■ RECORDED INFORMATION
+++
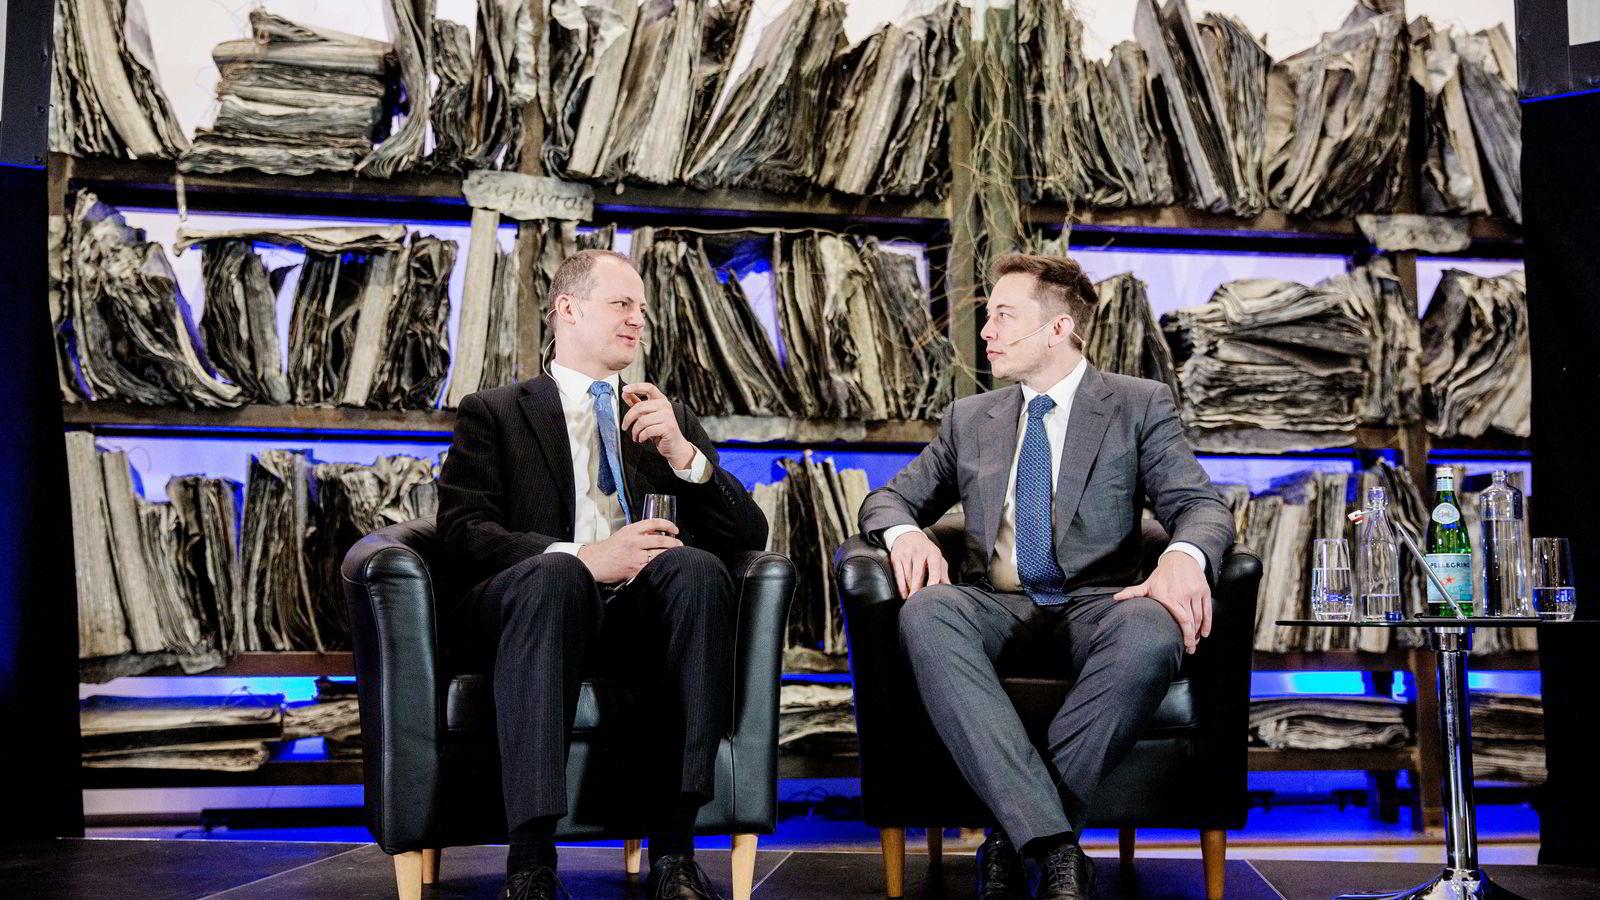 Tesla-gründer Elon Musk snakket om batterier, hydrogen og døden med samferdselsminister Ketil Solvik-Olsen. Foto: Fredrik Bjerknes
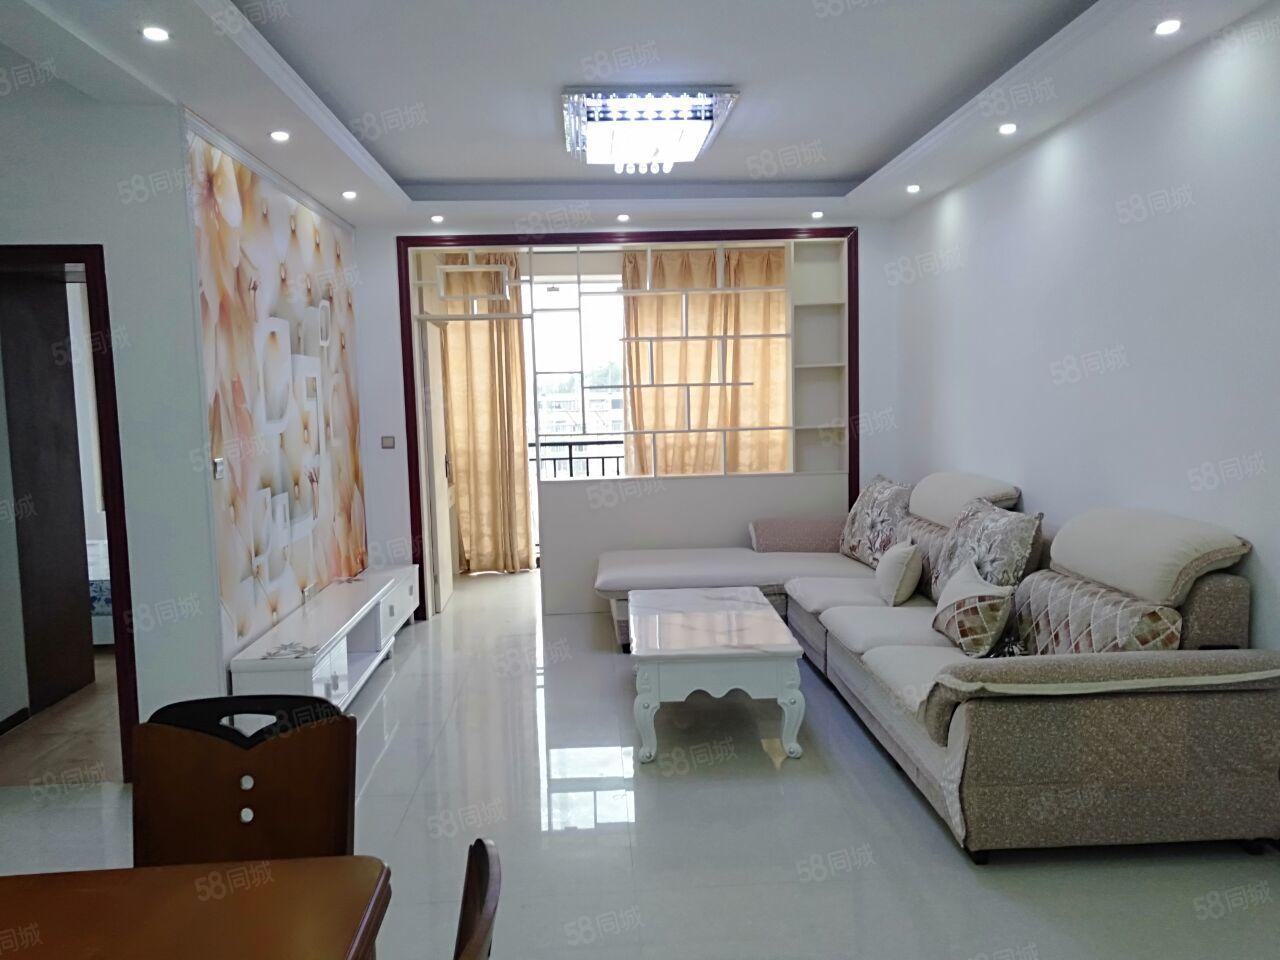 阳光香颂现浇房3室2厅1卫80平米精装修随时看房面议
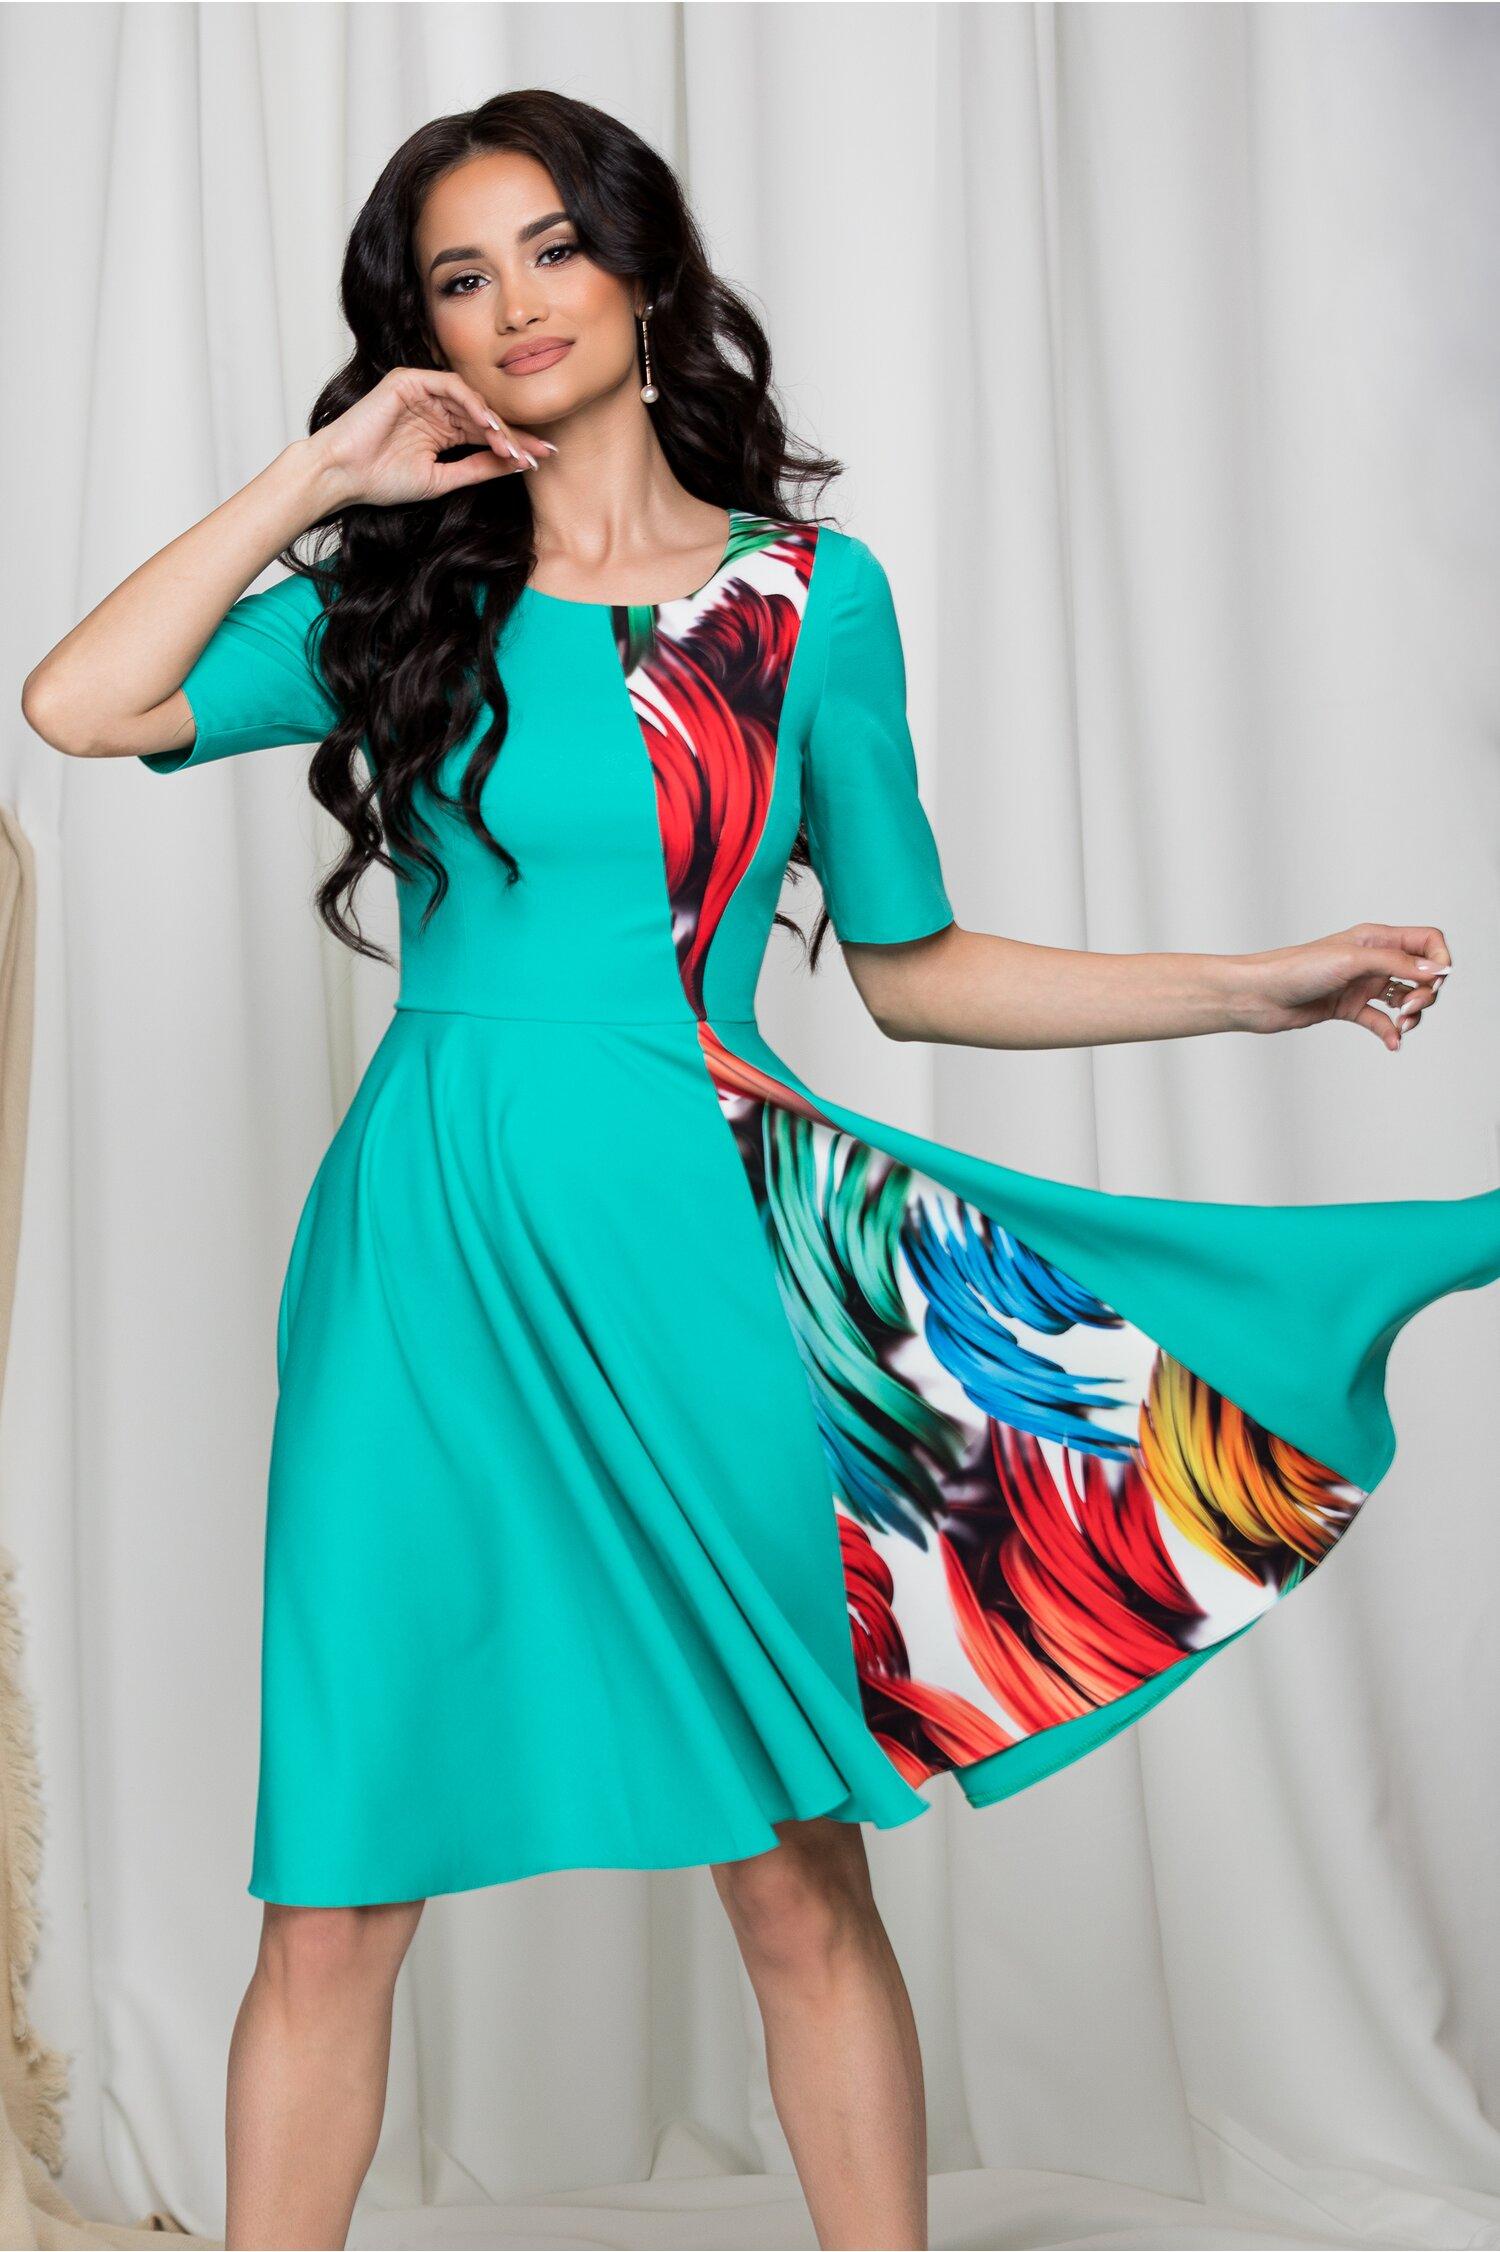 Rochie Moze turcoaz cu imprimeu multicolor imagine dyfashion.ro 2021
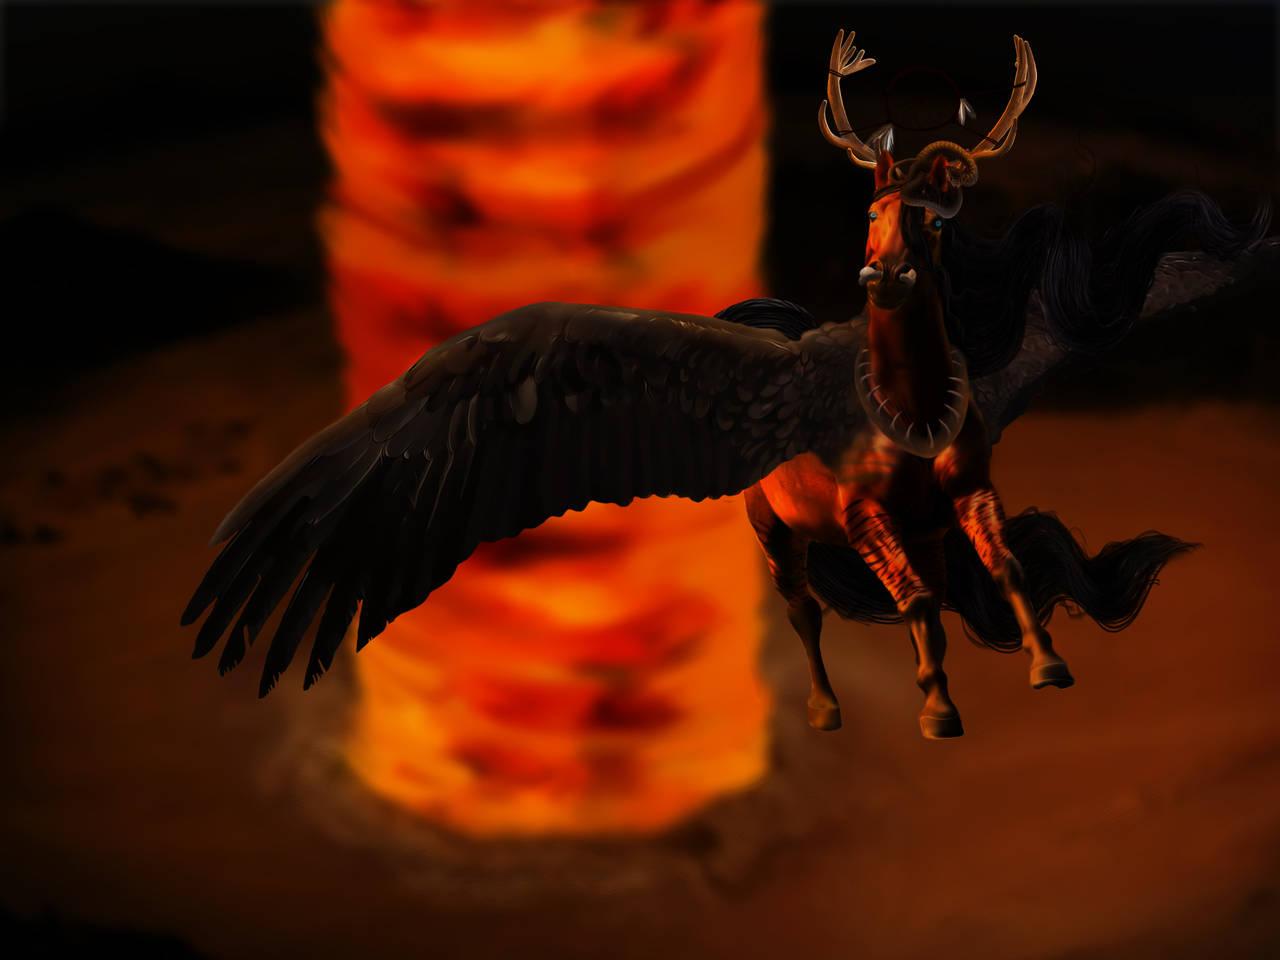 Comanche Moon by foxyfirewings
+++
■ WORK INSTRUCTION
Would you copy out all the data exactly, without the images?

■ RESULT FOR THIS EXERCISE
 Tesla-gründer Elon Musk snakket om batterier, hydrogen og døden med samferdselsminister Ketil Solvik-Olsen. Foto: Fredrik Bjerknes
 阳光香颂现浇房3室2厅1卫80平米精装修随时看房面议
 Rochie Moze turcoaz cu imprimeu multicolor imagine dyfashion.ro 2021
 Comanche Moon by foxyfirewings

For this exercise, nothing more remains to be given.